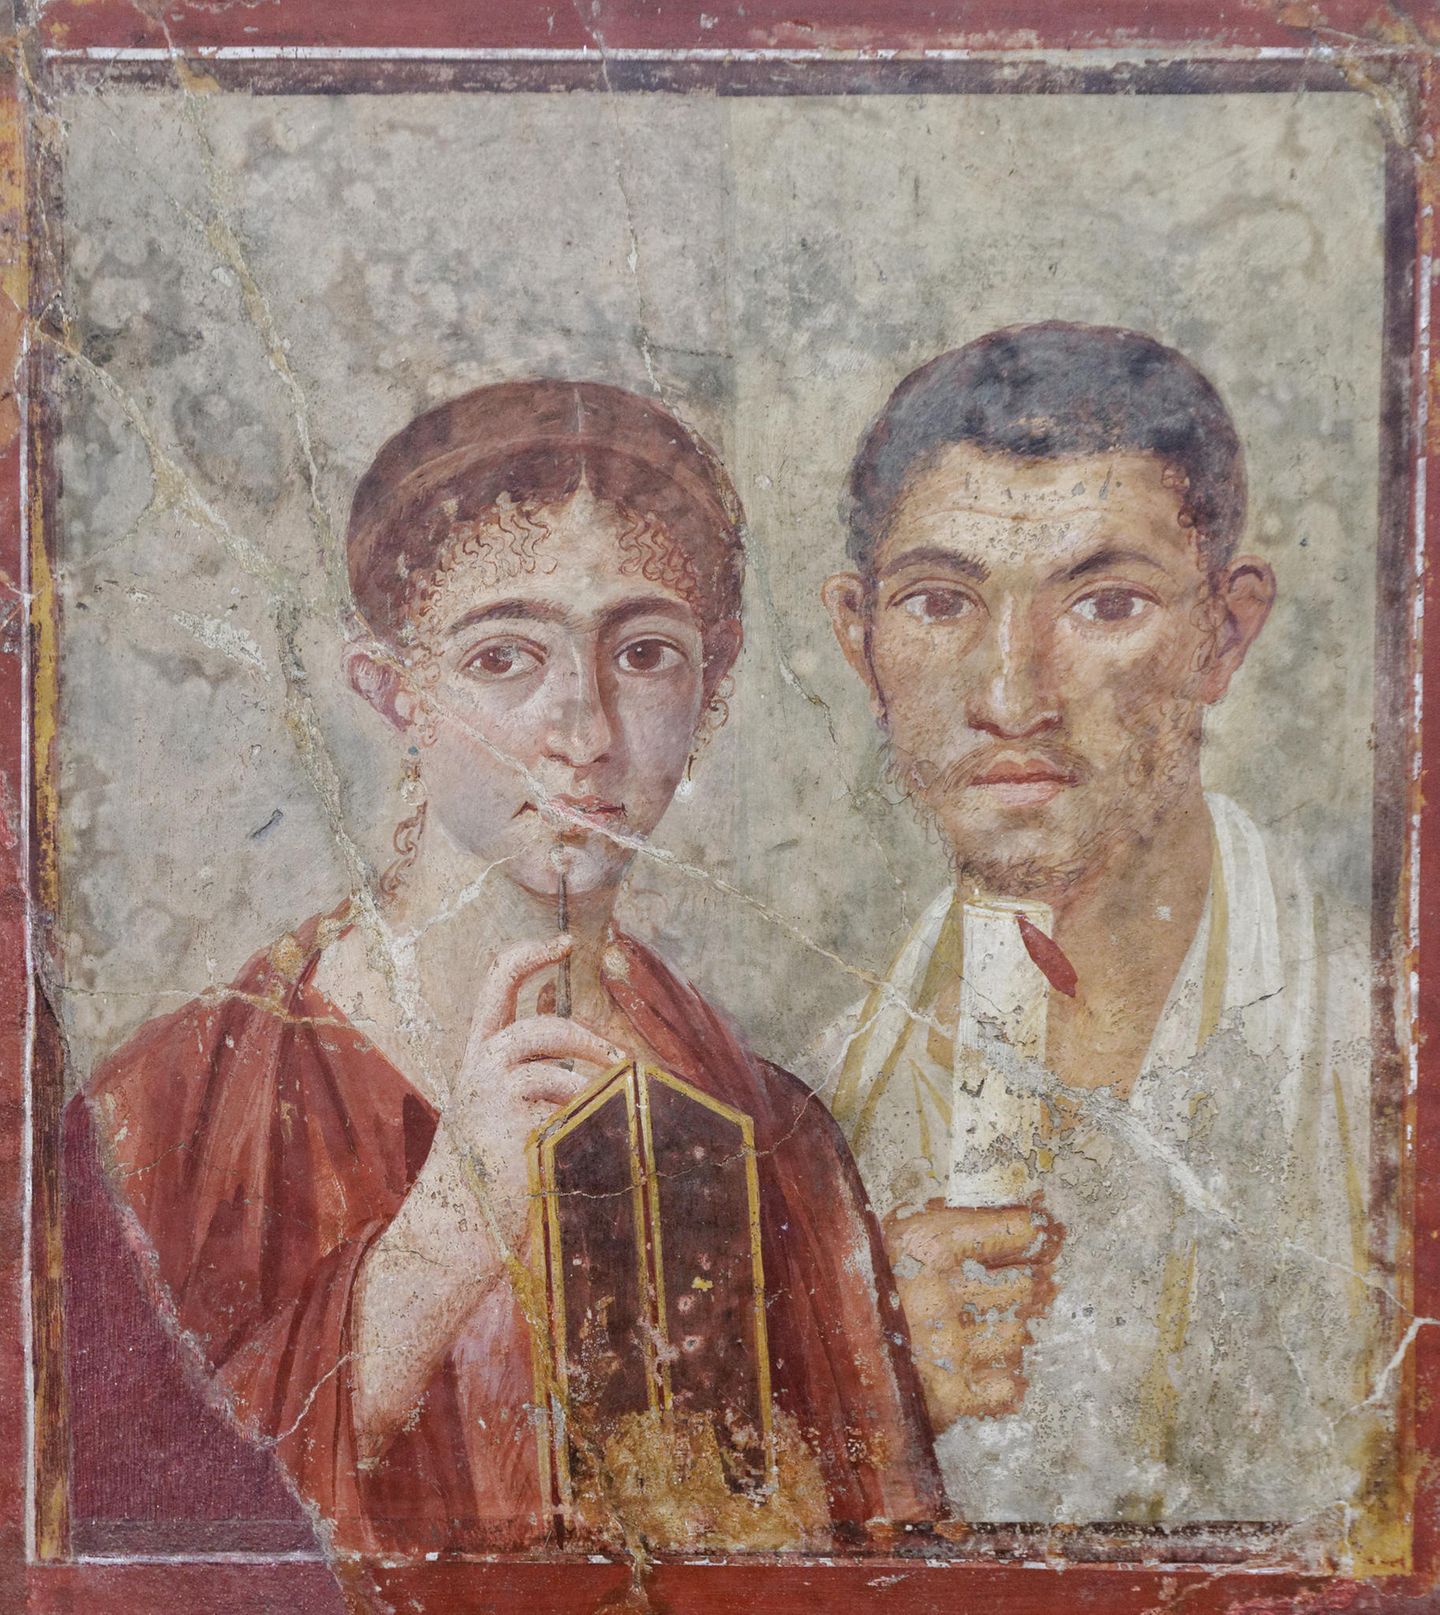 Das Paar zeigt sich mit den Insignien gute Römer - sie betont ihre Bildung und ihre Rolle im Geschäft.
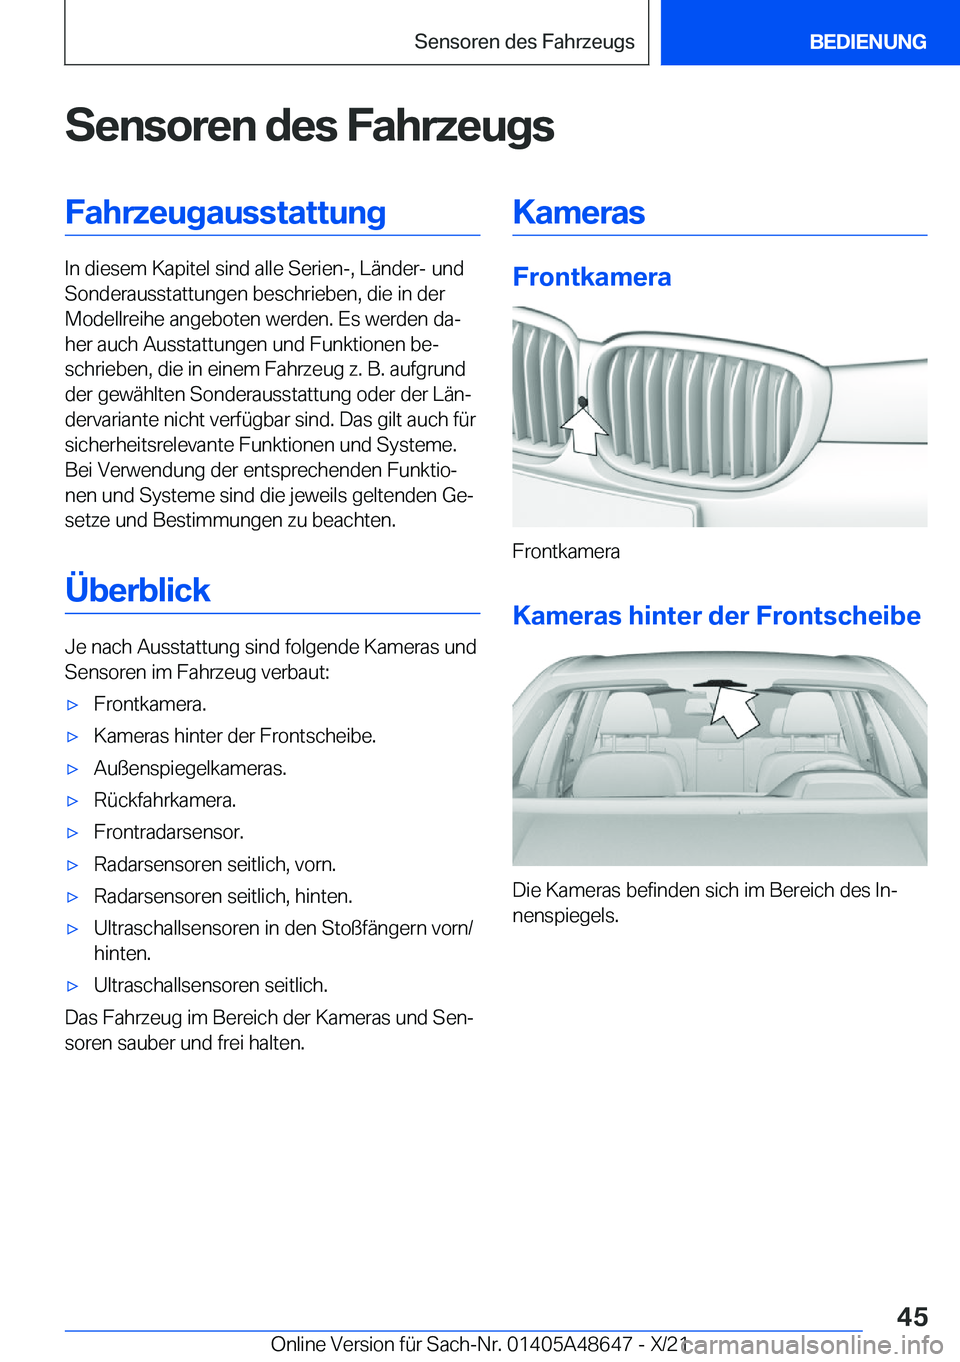 BMW 3 SERIES 2022  Betriebsanleitungen (in German) �S�e�n�s�o�r�e�n��d�e�s��F�a�h�r�z�e�u�g�s�F�a�h�r�z�e�u�g�a�u�s�s�t�a�t�t�u�n�g
�I�n��d�i�e�s�e�m��K�a�p�i�t�e�l��s�i�n�d��a�l�l�e��S�e�r�i�e�n�-�,��L�
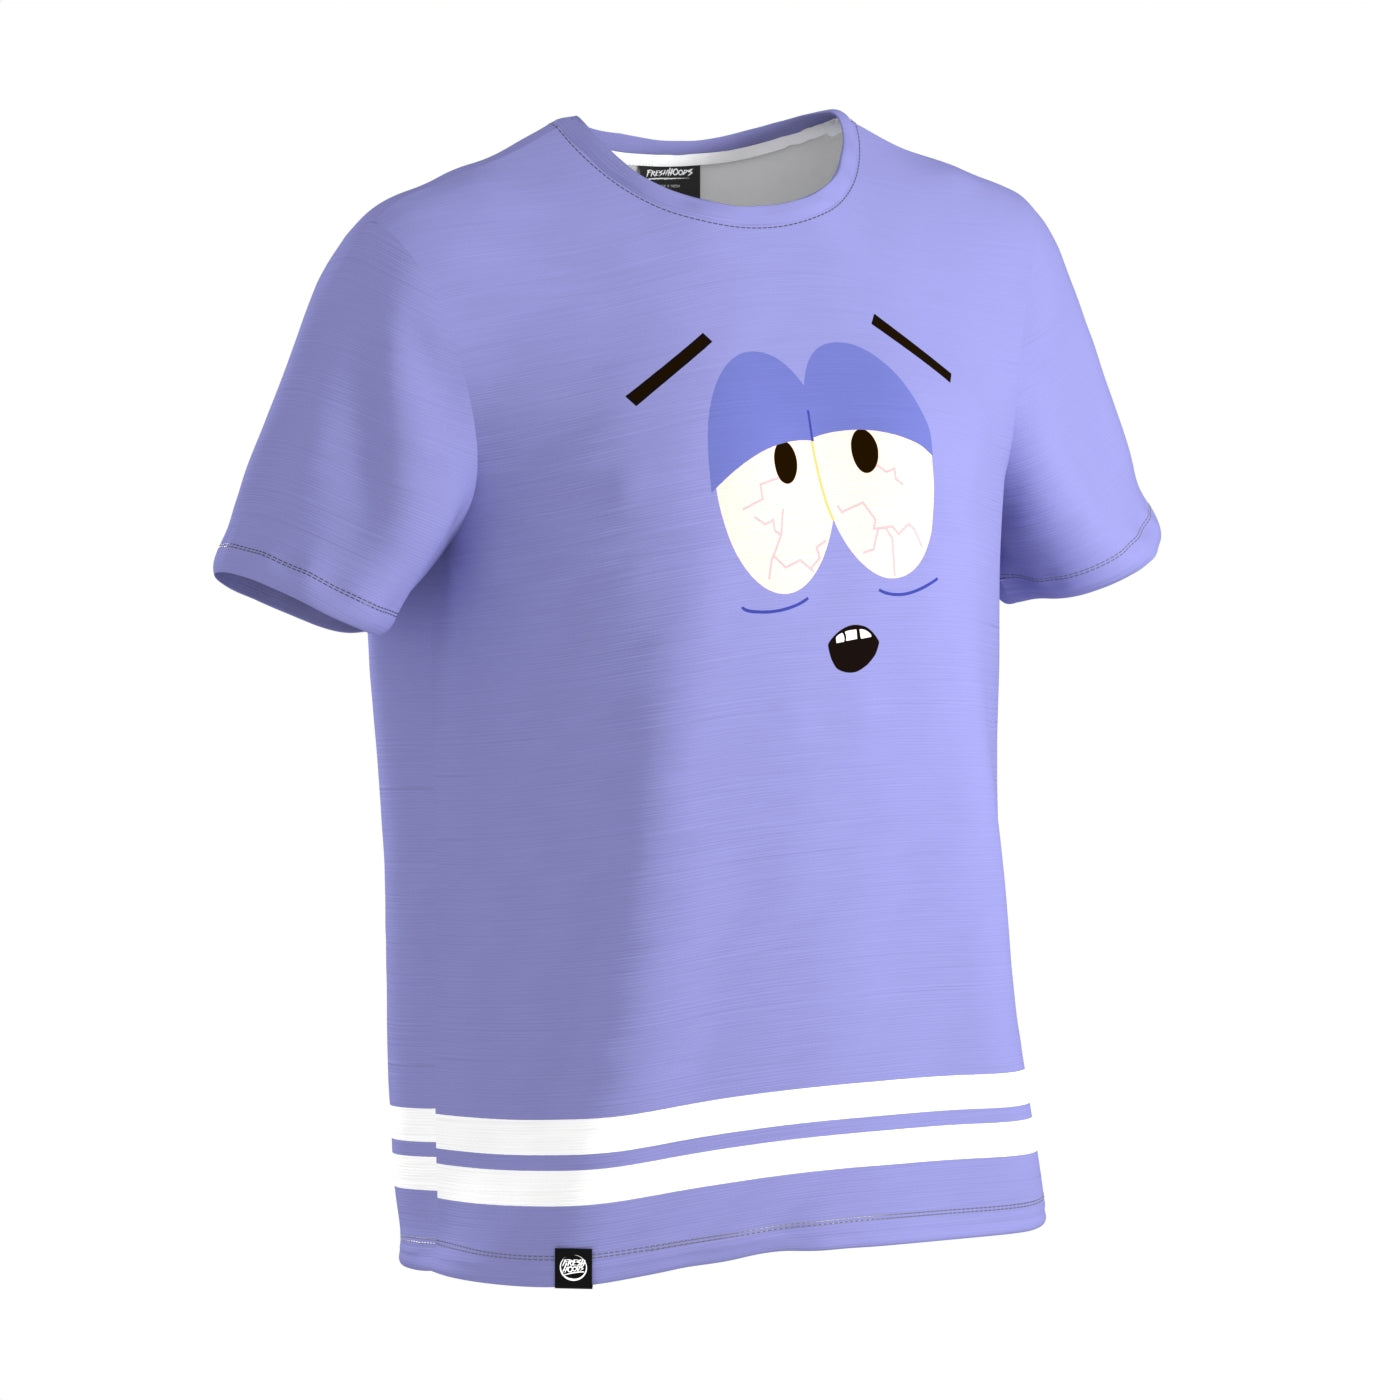 Towelie's Hazy Blue Tribute T-Shirt
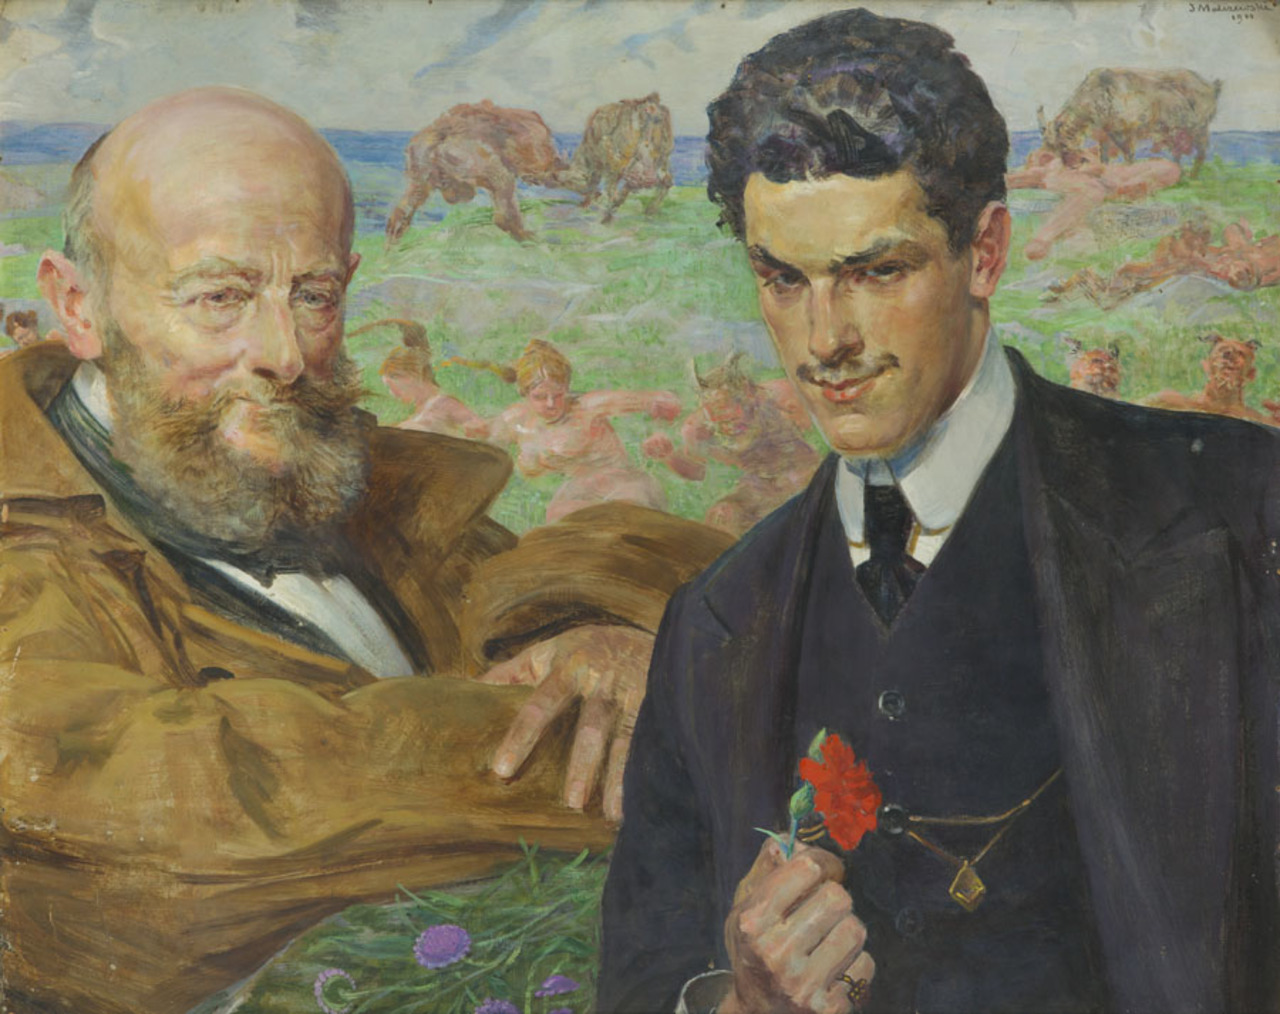 Jacek Malczewski (1854-1929), "Alegoria doświadczenia i młodości", 1911 rok, wystawa Pittsburgh, źródło: Desa Unicum
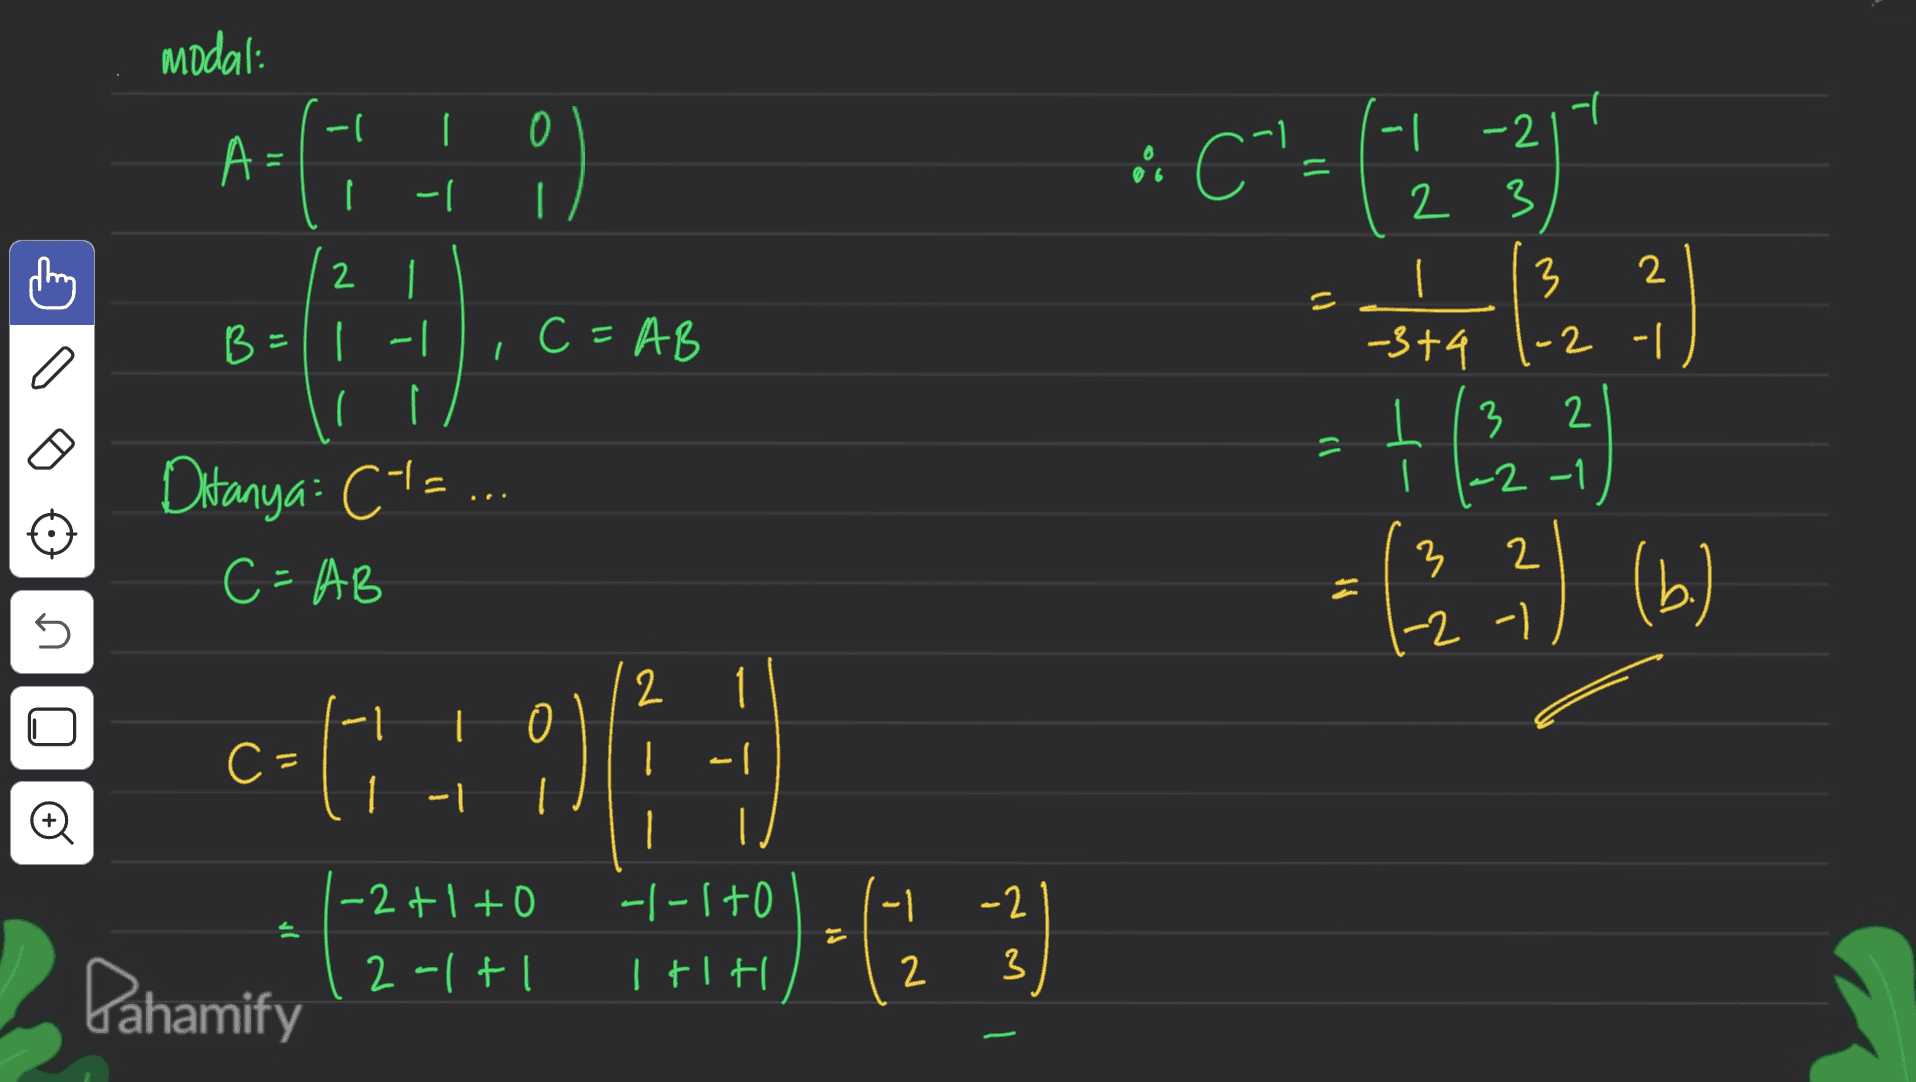 modal: ) - | 0 다. 다. A= A CIE () -1 | -2 2 3 90 ( 다. - 2 1 | T 0 살 뿌 |- 1 sa C=AB | 0 -2 3t9 ( | = 173 3 2 | -2 -1 2 Ditanya: C1=... C=AB 3 (24) (b) G ㅏ 러 2 1 0 C- 예 이 | 1-1 1 | -2+1 to - 이 -2 윽 느 나 | FTf 이 2 3 Pahamify

:::

What you need to do » Precisely the lines from the one containing "Towelie's Hazy Blue Tribute T-Shirt" to the end of the data above, both included, should be printed; leave the pictures out.

Reply »
 Towelie's Hazy Blue Tribute T-Shirt
 Jacek Malczewski (1854-1929), "Alegoria doświadczenia i młodości", 1911 rok, wystawa Pittsburgh, źródło: Desa Unicum
 modal: ) - | 0 다. 다. A= A CIE () -1 | -2 2 3 90 ( 다. - 2 1 | T 0 살 뿌 |- 1 sa C=AB | 0 -2 3t9 ( | = 173 3 2 | -2 -1 2 Ditanya: C1=... C=AB 3 (24) (b) G ㅏ 러 2 1 0 C- 예 이 | 1-1 1 | -2+1 to - 이 -2 윽 느 나 | FTf 이 2 3 Pahamify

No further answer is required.